Дорога  серпантином  спускалась  в  город,  над  которым висела плотная густая дымка. Ее и имел в виду шофер: когда  туман,  снайперам   работы  нет.  В  этом  городе туман - дар   Божий:   его   ждут,   ему   радуются.

Среди обгоревших деревьев на совершенно целом довоенном столбе предупреждал водителей об опасности чистенький нарядный довоенный знак: «Неровная дорога». Да уж, дорога, мягко говоря, неровная.
У штаба батальона с криком: «То наш рус дошел!», меня окружила стайка мальчишек. Вблизи ударил миномет и один из мальчиков, лет восьми, сильно вздрогнул и схватил меня за рукав. Желая его успокоить, я спросил: «Где ты живешь?». Он показал рукой на дом и с тяжким при-дыханием ответил:
- Т-там.
- А   где   твой   отец?
- Т-там, - он показал рукой дальше, в скопление строений, откуда непрерывно слышался треск пулеметов. Мальчик заикался. Позже я узнал, многие дети в Сараево заикаются.

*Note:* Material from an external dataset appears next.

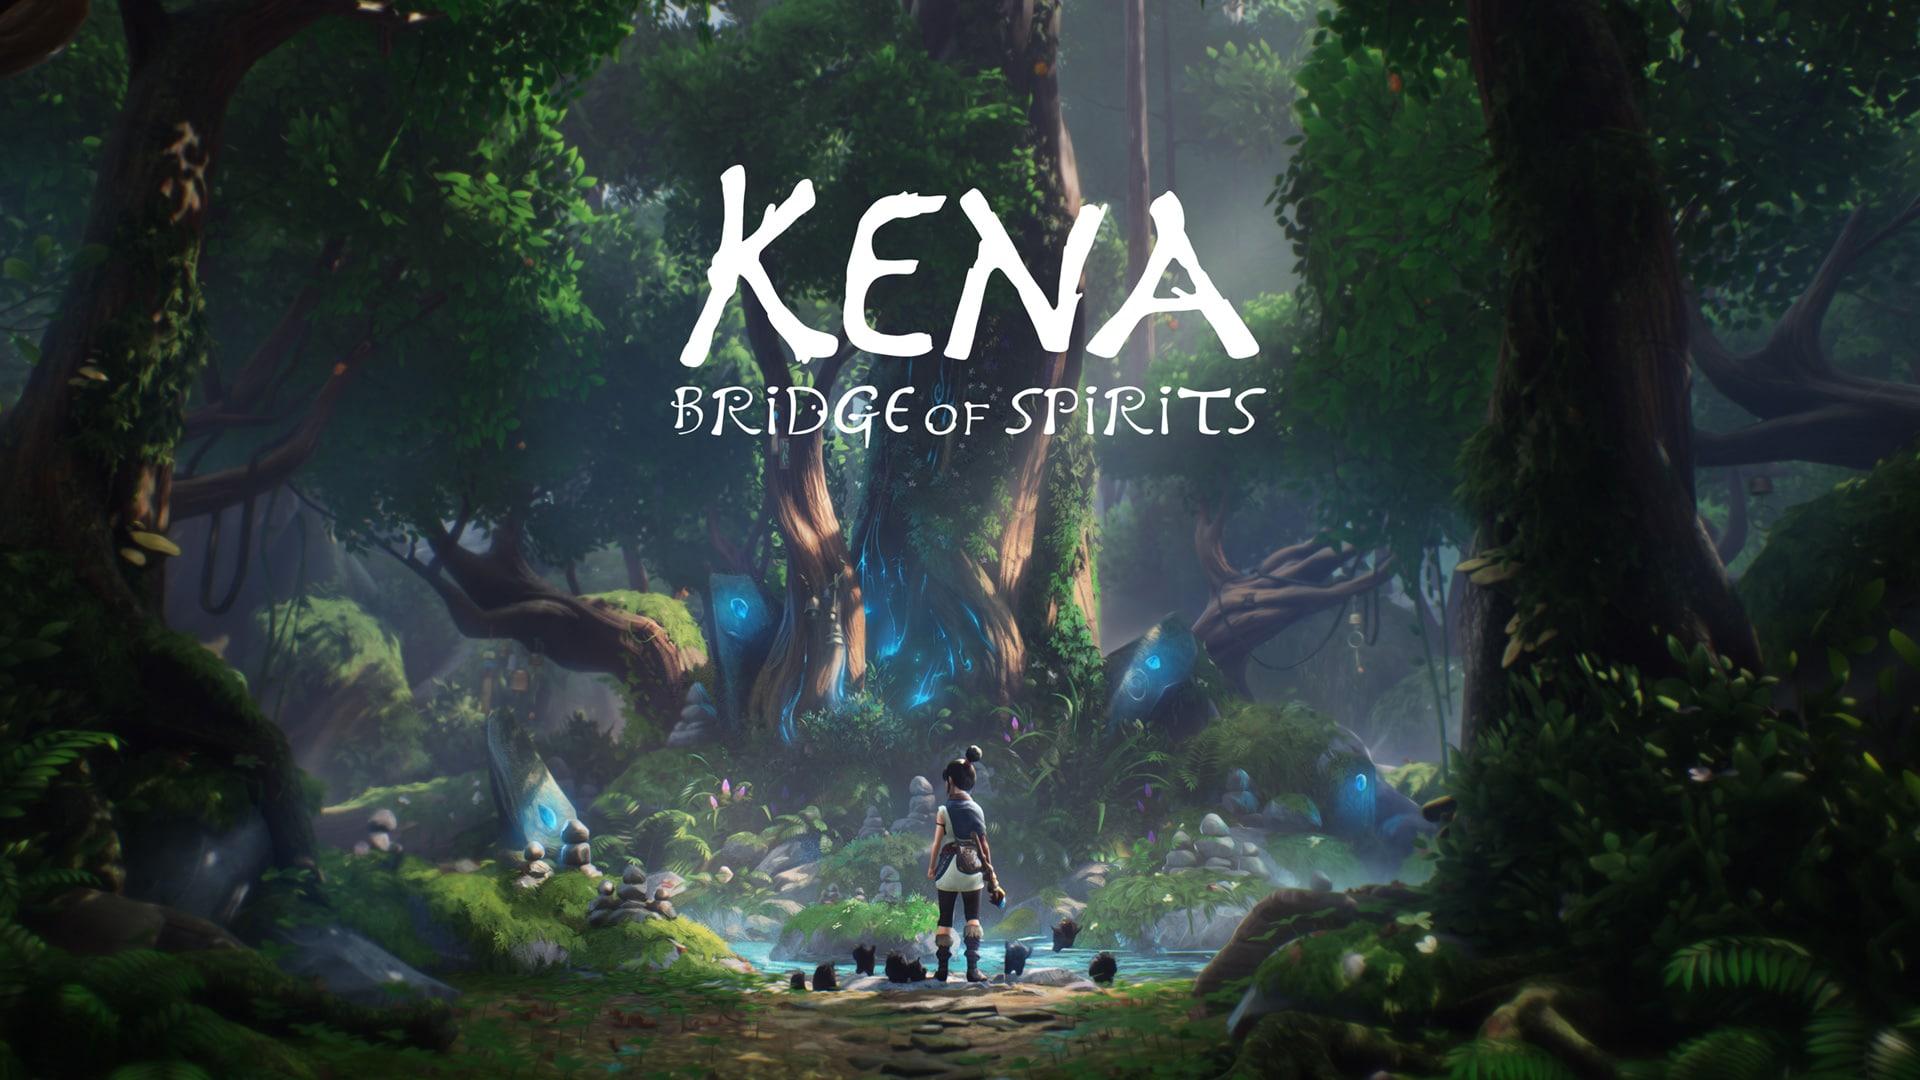 Primeiros 20 minutos de Kena: Bridge of Spirits em 4K são incriveis!

По   улице   шла   вереница   одетых   в   черное   женщин.
-  Монашки?   -      наивно  спросил   я   у   часового.
-  Нет, -    ответил он, - у этих женщин погибли близкие: может быть, отец или  муж,  или сын,  или  брат...  Сербская женщина   год   ходит   в   трауре.
Мне потребовался час, чтобы понять: по Сараево невозможно пройти, не встретив женщину в черном.
Я шел по улице Ленина, вертя головой, рассматривая незнакомый город. И хотя взгляд то и дело натыкался на разрушенные сгоревшие дома, чувствовалось: был красивейший город. Выбитые витрины когда-то шикарных универмагов, сорванные вывески и двери многочисленных уют-ных кафе, вздыбленный асфальт просторных проспектов, высотные дома без крыш, памятники, обставленные набитыми землей снарядными ящиками...
Вот   улица   Братства   и   Единства...
-  Что  рот раскрыл?!  Беги!  Снайпер!     -  заорал  у  перекрестка солдат и я рванул «как на 500»,    но засеменившая было вслед пожилая женщина с сумкой вдруг охнула и повалилась   на   асфальт.
- А, черт, - солдат головой вперед ринулся на перекресток, подхватил женщину под мышки, занес за угол, - дышит! Останавливай машину!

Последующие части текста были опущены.